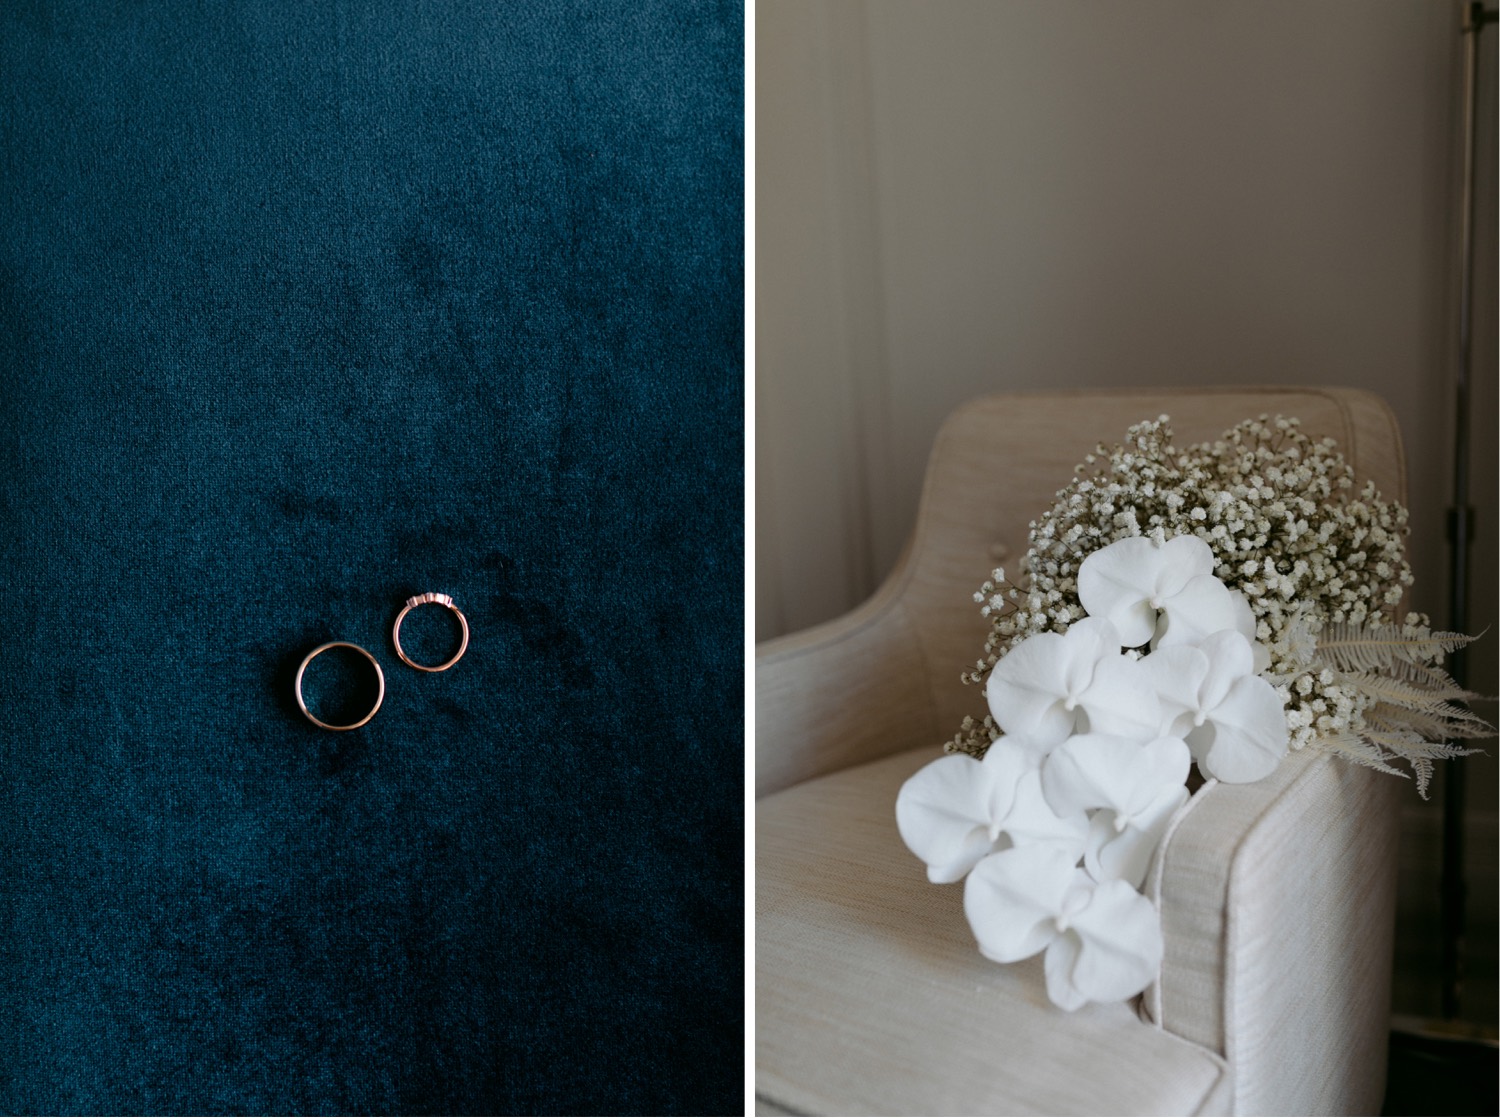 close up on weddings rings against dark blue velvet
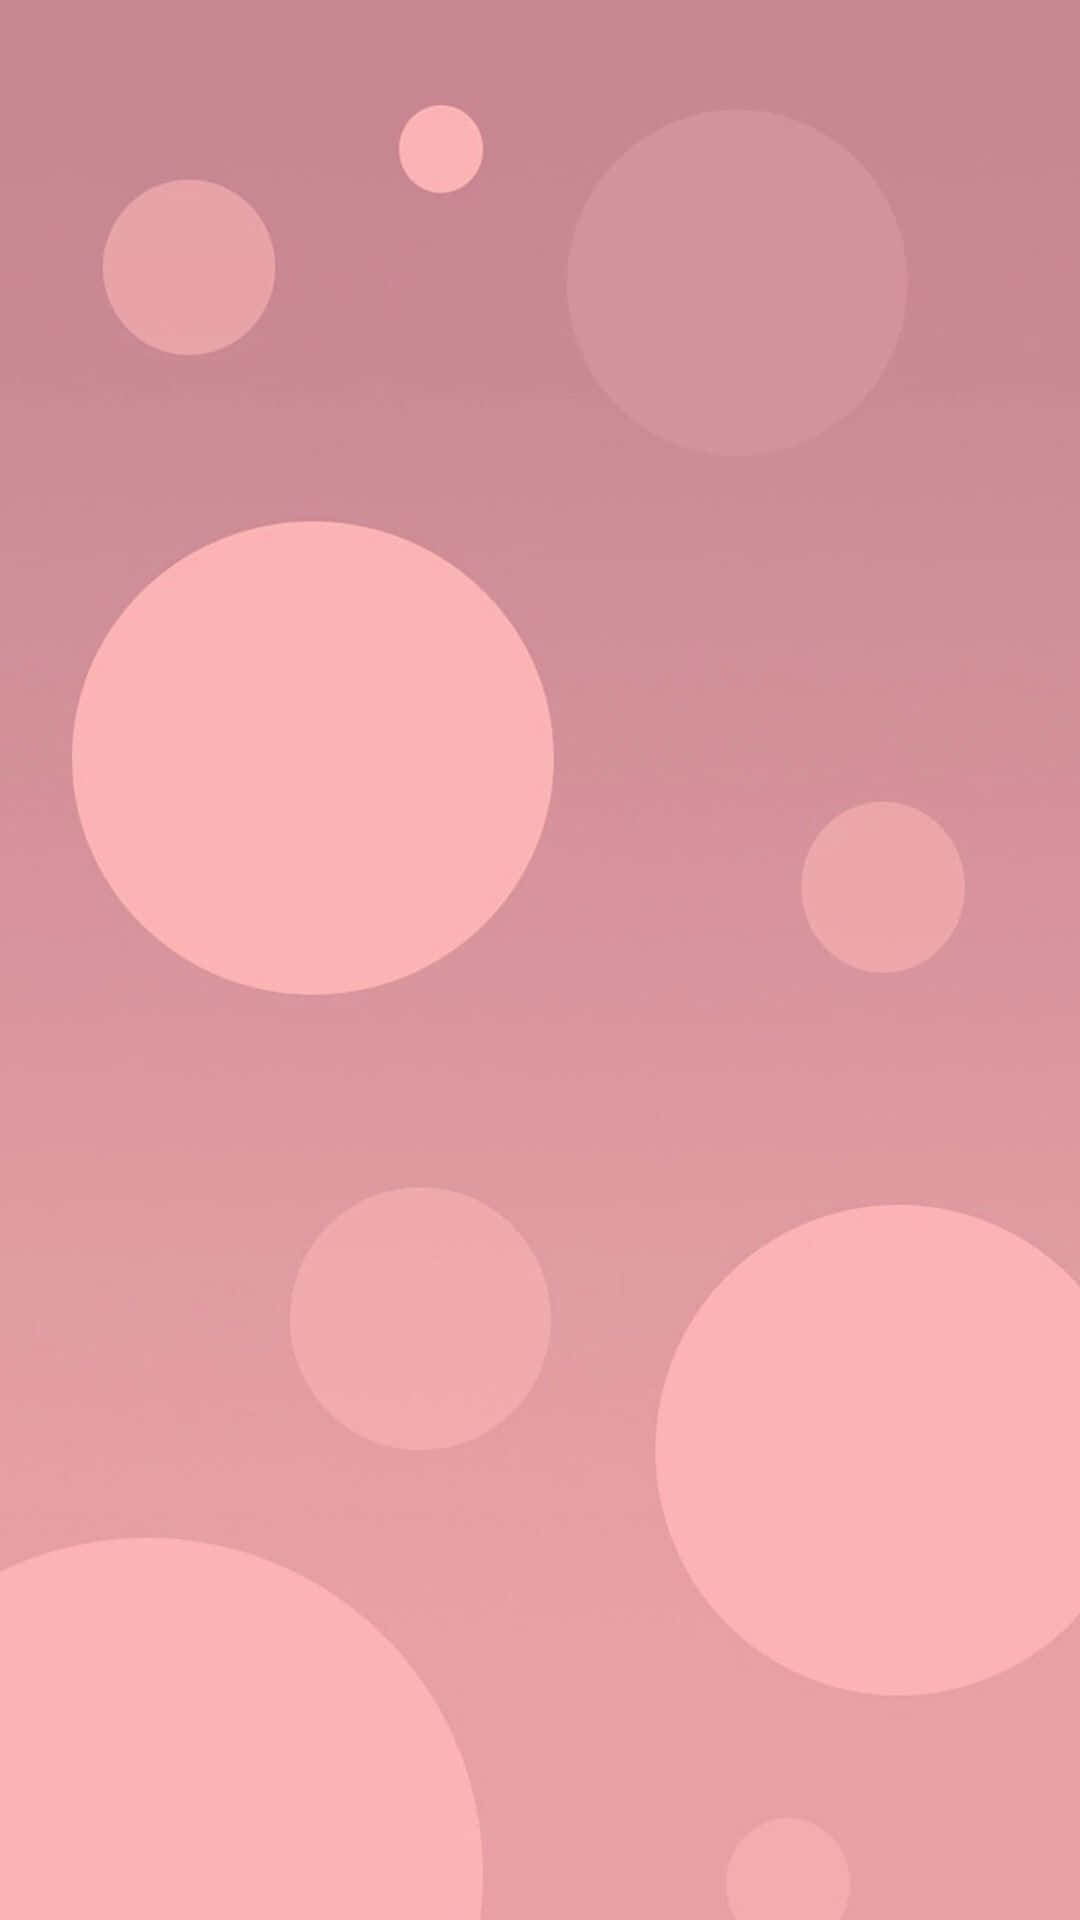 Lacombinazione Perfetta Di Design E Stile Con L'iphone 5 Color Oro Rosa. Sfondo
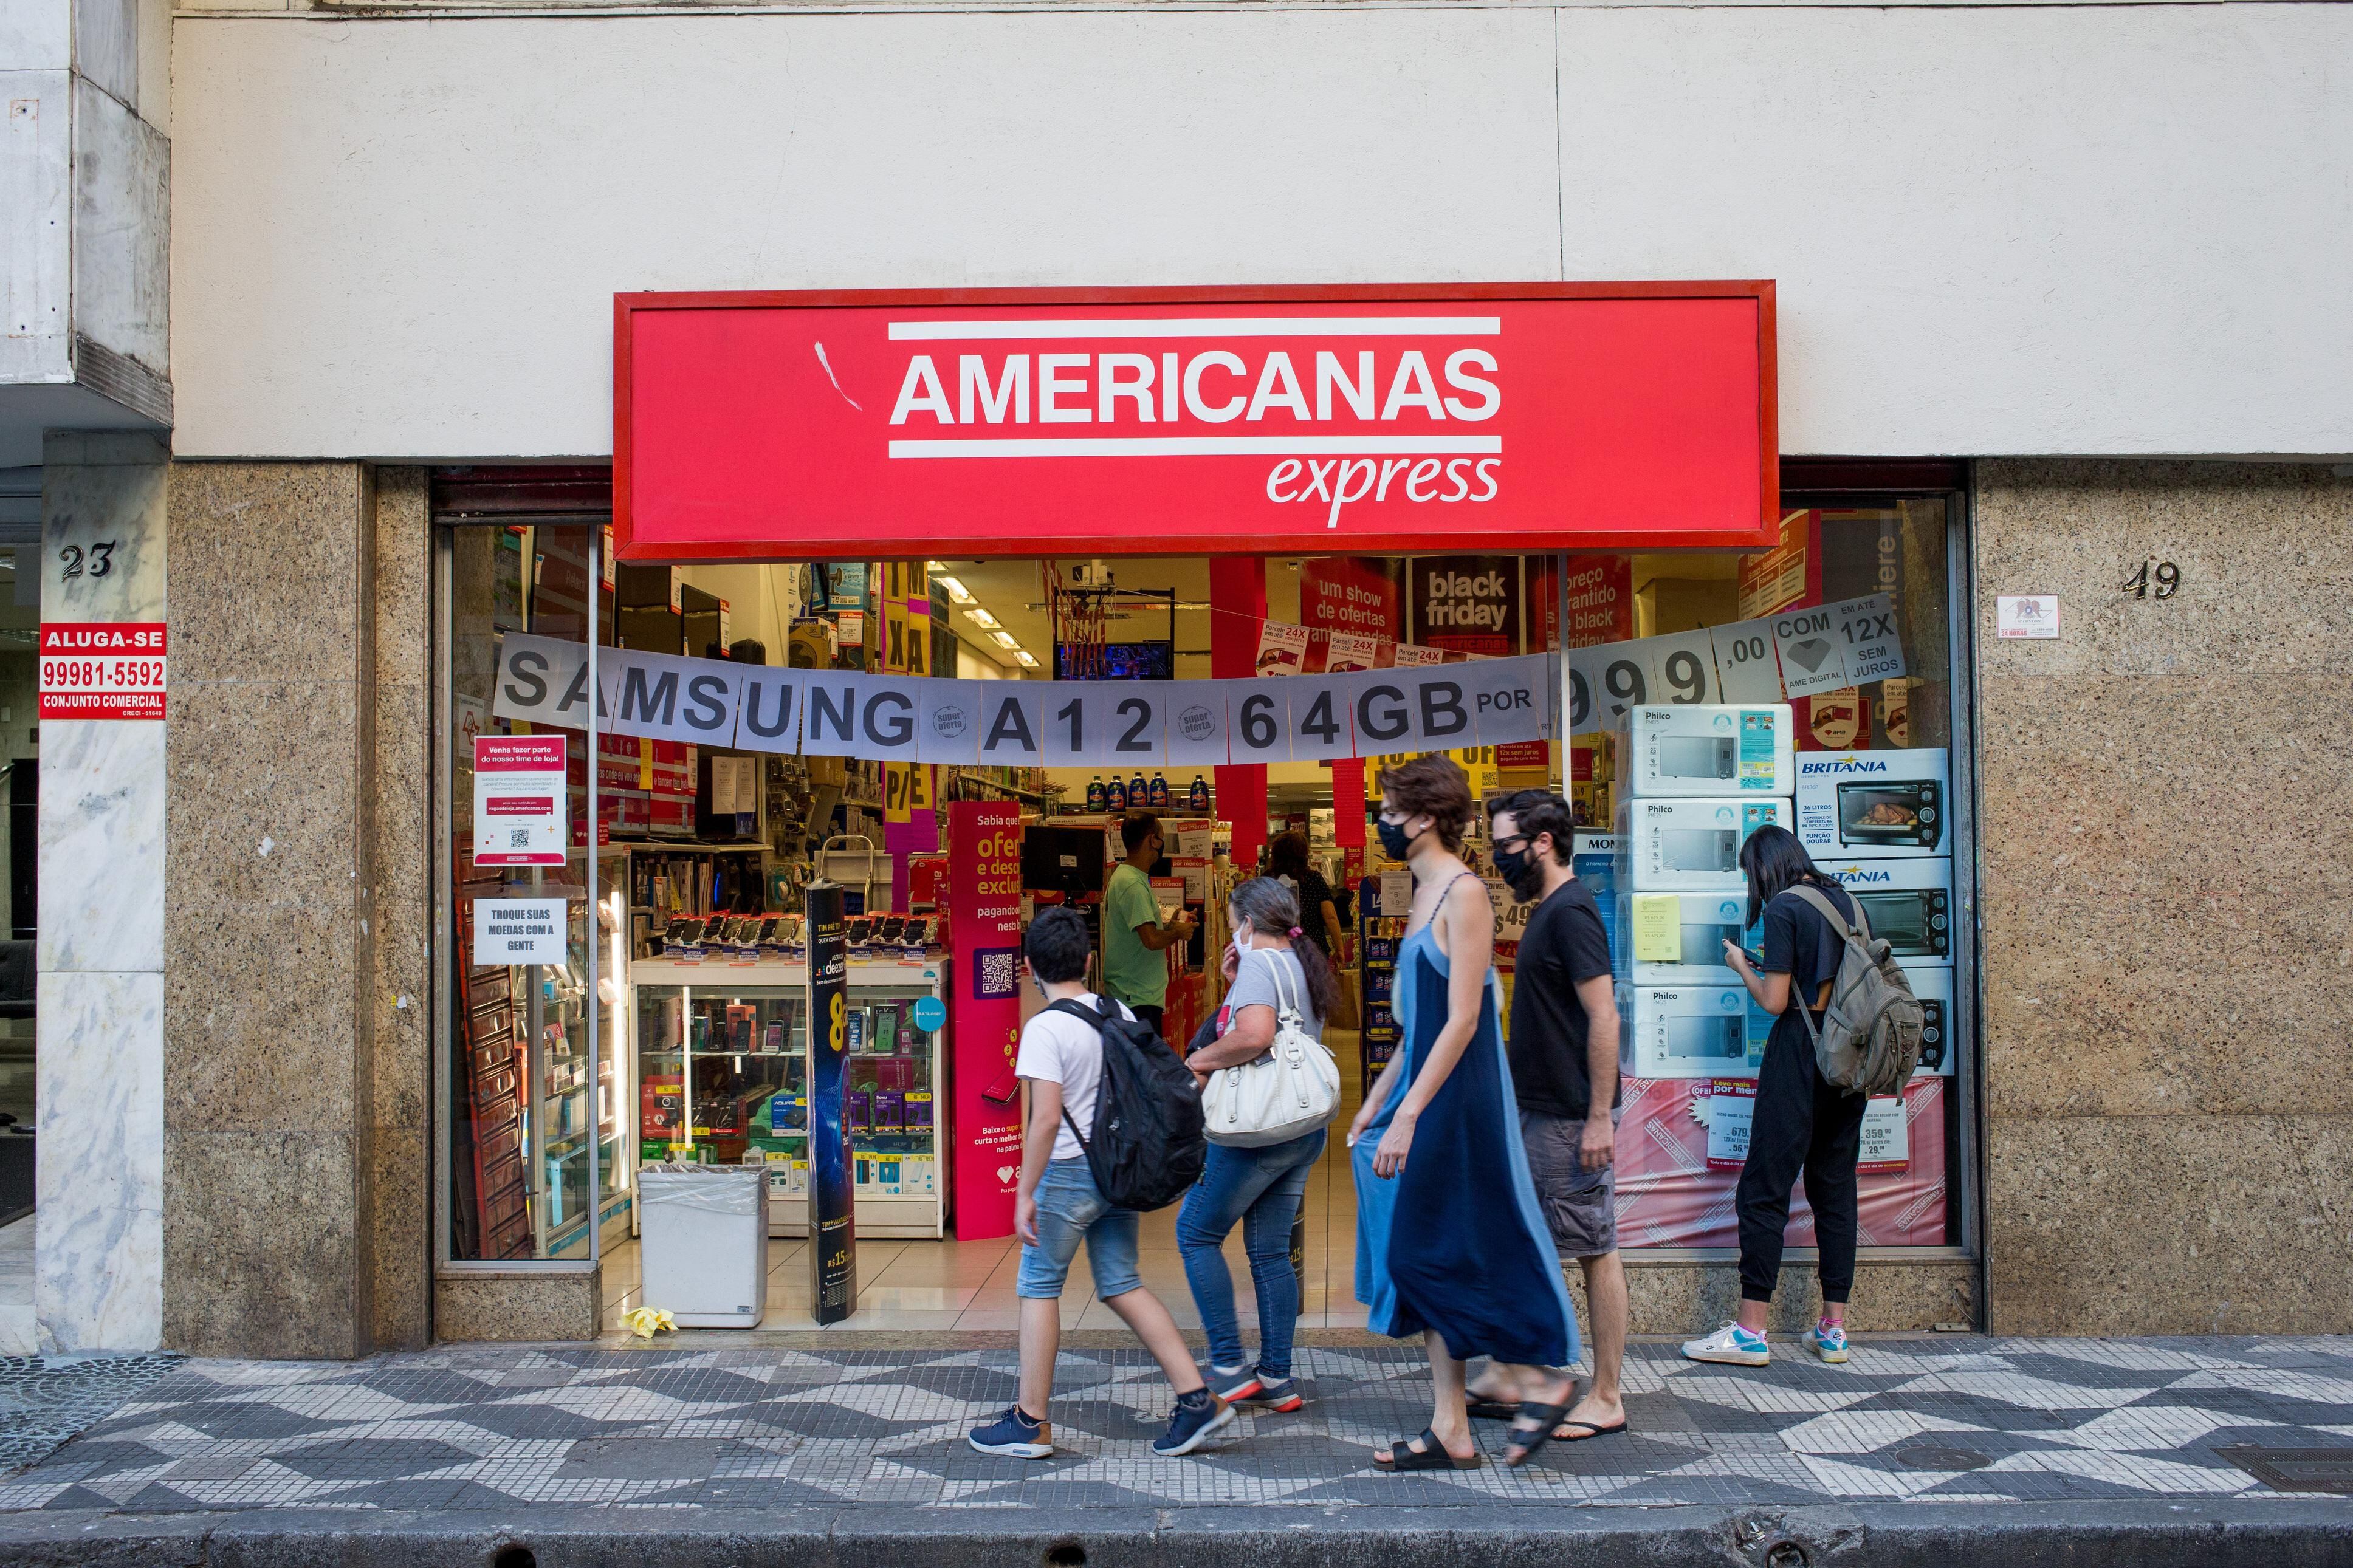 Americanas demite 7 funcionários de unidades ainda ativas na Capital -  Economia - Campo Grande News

WHAT YOU HAVE TO DO
Repeat the material above word for word, please, apart from its images.

RESULT OF THE EXERCISE
 close up on weddings rings against dark blue velvet
 Lacombinazione Perfetta Di Design E Stile Con L'iphone 5 Color Oro Rosa. Sfondo
 Americanas demite 7 funcionários de unidades ainda ativas na Capital -  Economia - Campo Grande News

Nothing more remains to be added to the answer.